Unit 20 - Examples of Enzyme Reactions

What type of catalysis does RNase A use?

General acid-base catalysis.

What reaction does RNase A catalyze?

Hydrolysis of RNA to 2’-3’ cyclic nucleotide intermediates.

Which residues are critical for RNase A activity?

Histidine 12 and Histidine 119.

Why are histidine residues effective in RNase A?

Their pKa (~6) allows them to act as acid/base near physiological pH.

What is the role of His12 in RNase A?

Acts as a general base in the first step and a general acid in the second.

What is the role of His119 in RNase A?

Acts as a general acid in the first step and a general base in the second.

What is the kcat of RNase A?

Approximately 323 s⁻¹.

What enzyme uses Zn²⁺ to catalyze reactions?

Carbonic anhydrase.

What reaction is catalyzed by carbonic anhydrase?

CO₂ + H₂O ⇌ HCO₃⁻ + H⁺.

What residue coordinates the Zn²⁺ in carbonic anhydrase?

Histidine.

What role does His64 play in carbonic anhydrase?

It shuttles protons in and out of the active site.

Why is Zn²⁺ important in carbonic anhydrase?

It lowers the pKa of water to generate OH⁻ for nucleophilic attack.

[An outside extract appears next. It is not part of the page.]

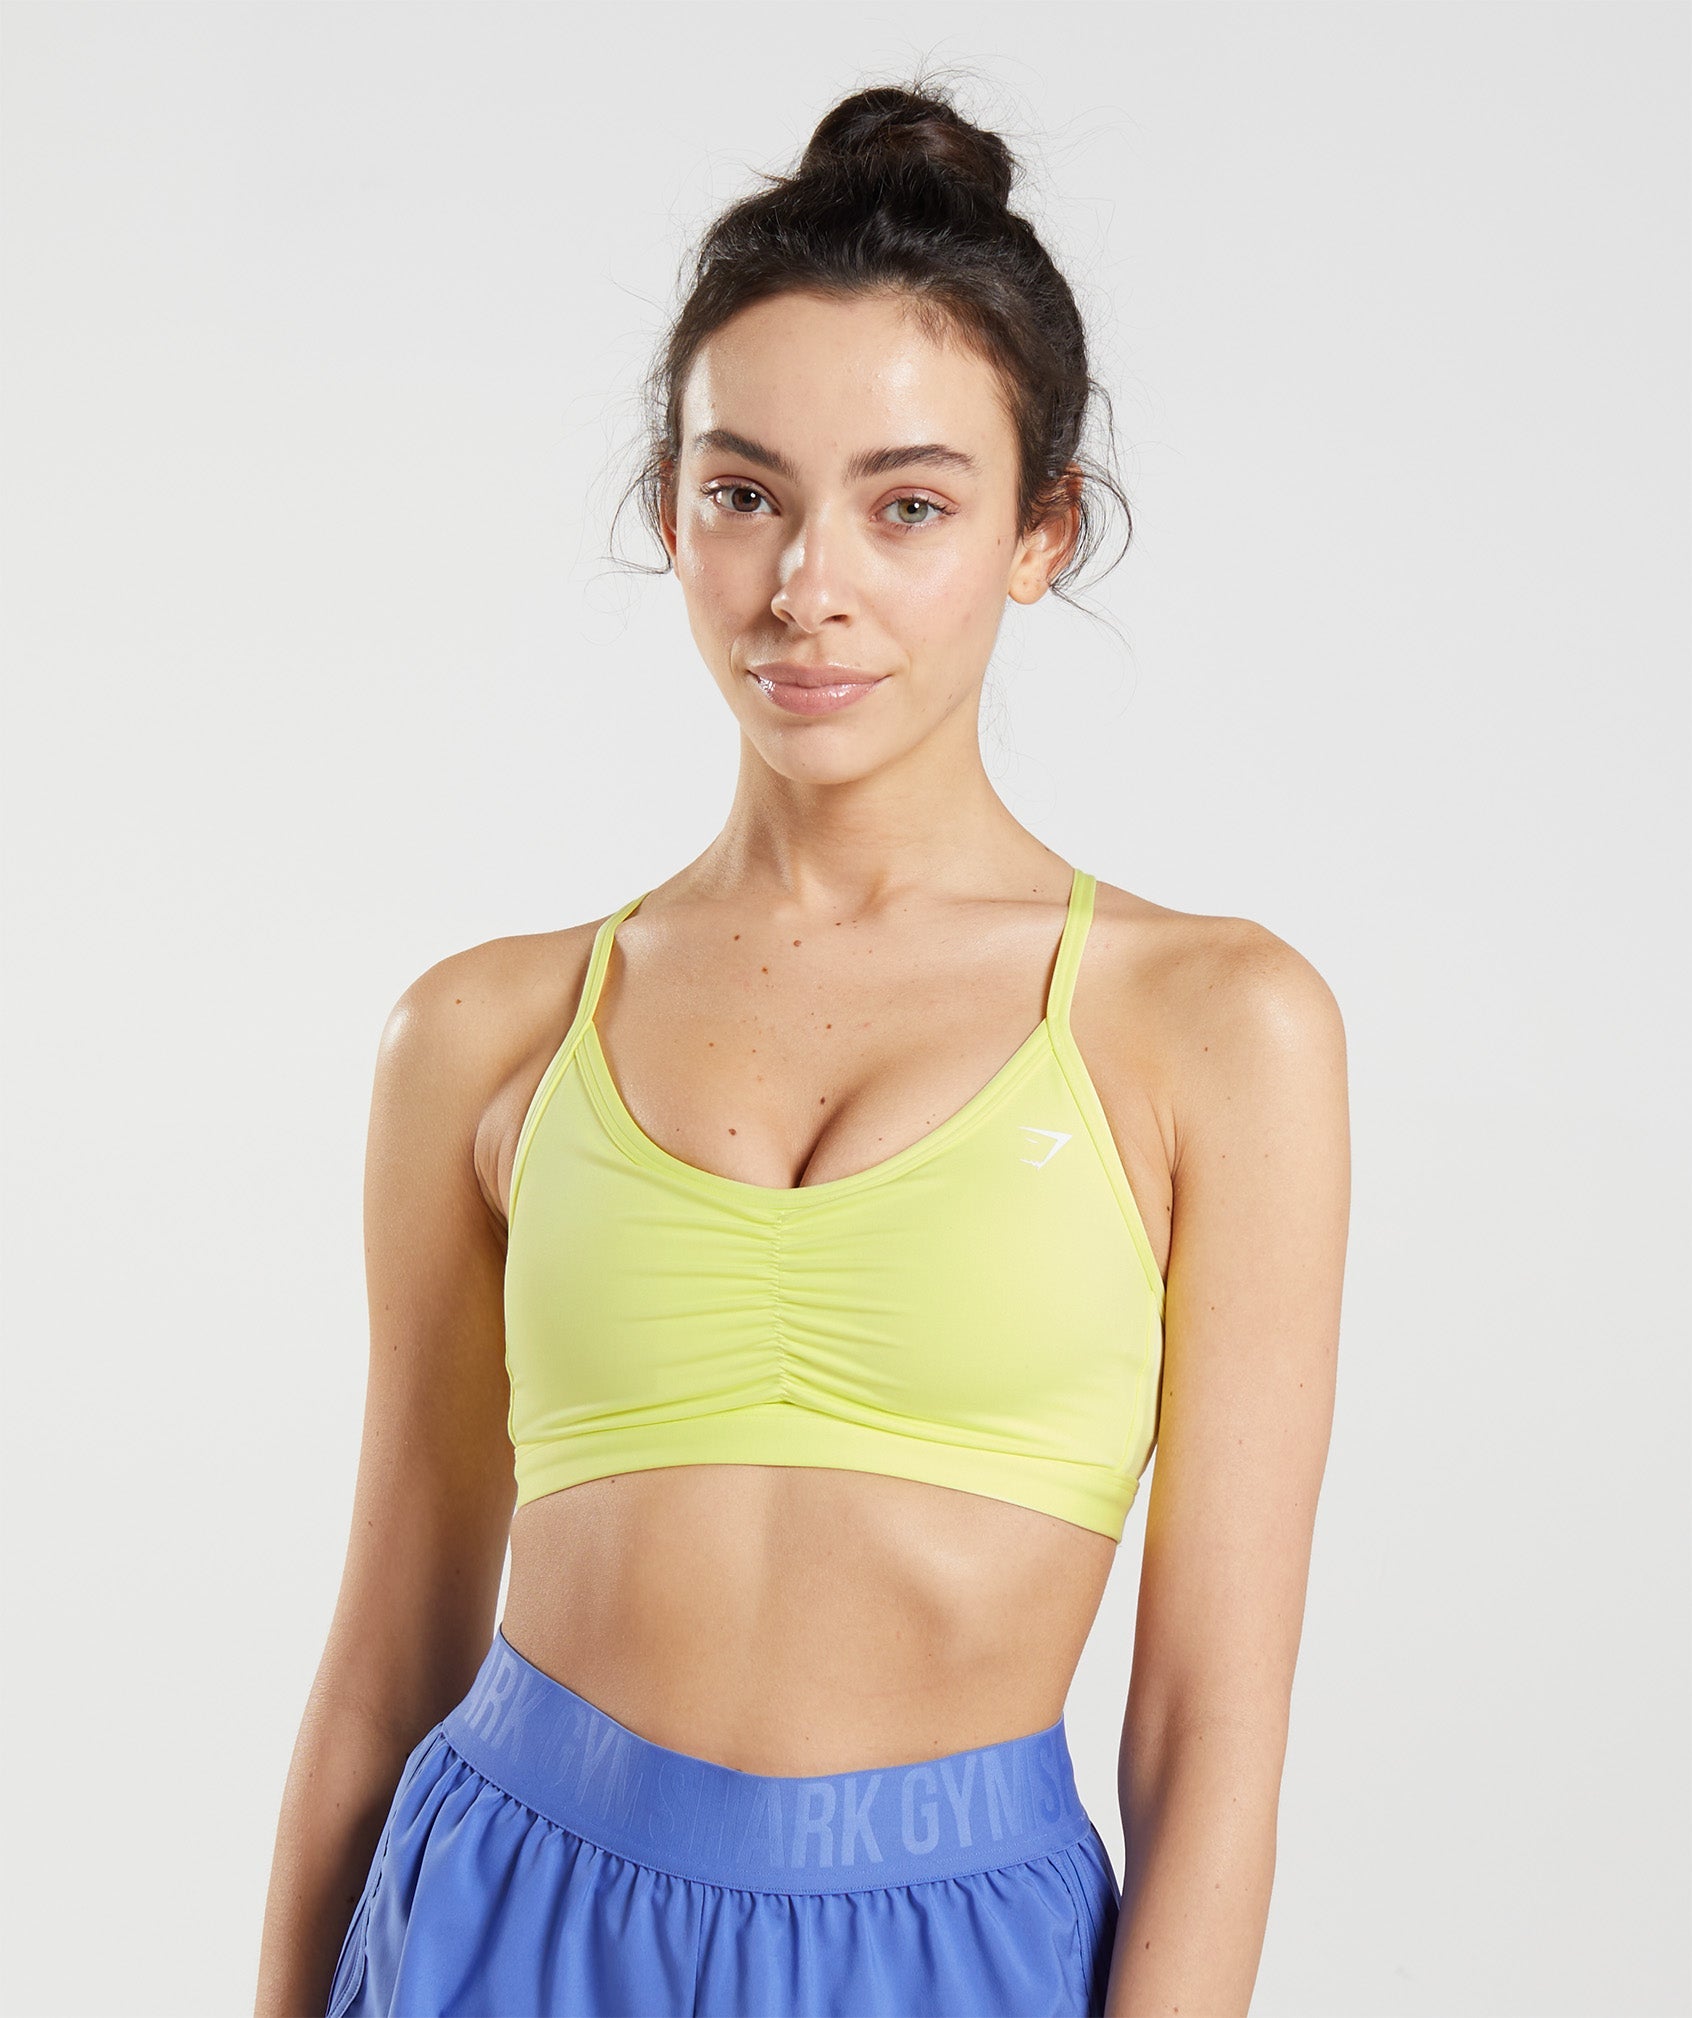 Gymshark Ruched Training Sports Bra White Size XS - $18 (28% Off Retail) -  From Jamie

What is the general mechanism of carbonic anhydrase?

Zn²⁺-activated water attacks CO₂ to form bicarbonate.

What is the typical structure of the carbonic anhydrase active site?

A Zn²⁺ coordinated by 3 His residues and a water.

What type of catalysis does chymotrypsin use?

Covalent catalysis and acid-base catalysis.

What type of bonds does chymotrypsin cleave?

Peptide bonds, specifically near aromatic residues.

What artificial substrate is used to assay chymotrypsin?

Para-nitrophenyl acetate.

What observation supports the two-step mechanism of chymotrypsin?

Initial-burst kinetics indicating an acyl-enzyme intermediate.

What reagent irreversibly inhibits chymotrypsin?

Diisopropylfluorophosphate (DIFP).

Which residue does DIFP modify in chymotrypsin?

Serine in the active site (Ser195).

What are the three key residues in the chymotrypsin catalytic triad?

Asp102, His57, Ser195.

What is the function of the catalytic triad in chymotrypsin?

To polarize Ser195 and enhance its nucleophilicity.

What stabilizes the transition state in chymotrypsin?

The oxyanion hole.

What is the magnitude of rate enhancement by chymotrypsin?

~10¹⁰-fold over uncatalyzed hydrolysis.

What structural model mimics the transition state of chymotrypsin?

Trypsin-BPTI complex.

What is BPTI?

Bovine pancreatic trypsin inhibitor that forms a tight complex with trypsin.

What does the BPTI structure reveal?

A trapped tetrahedral intermediate-like state.

What determines substrate specificity in serine proteases?

The shape and properties of the substrate binding pocket.

What residues do chymotrypsin, trypsin, and elastase prefer?

Aromatic, basic, and small residues, respectively.

What is the catalytic mechanism of hexokinase?

Phosphorylation of glucose using ATP.

What conformational change occurs in hexokinase?

Domain movement that closes around glucose and ATP.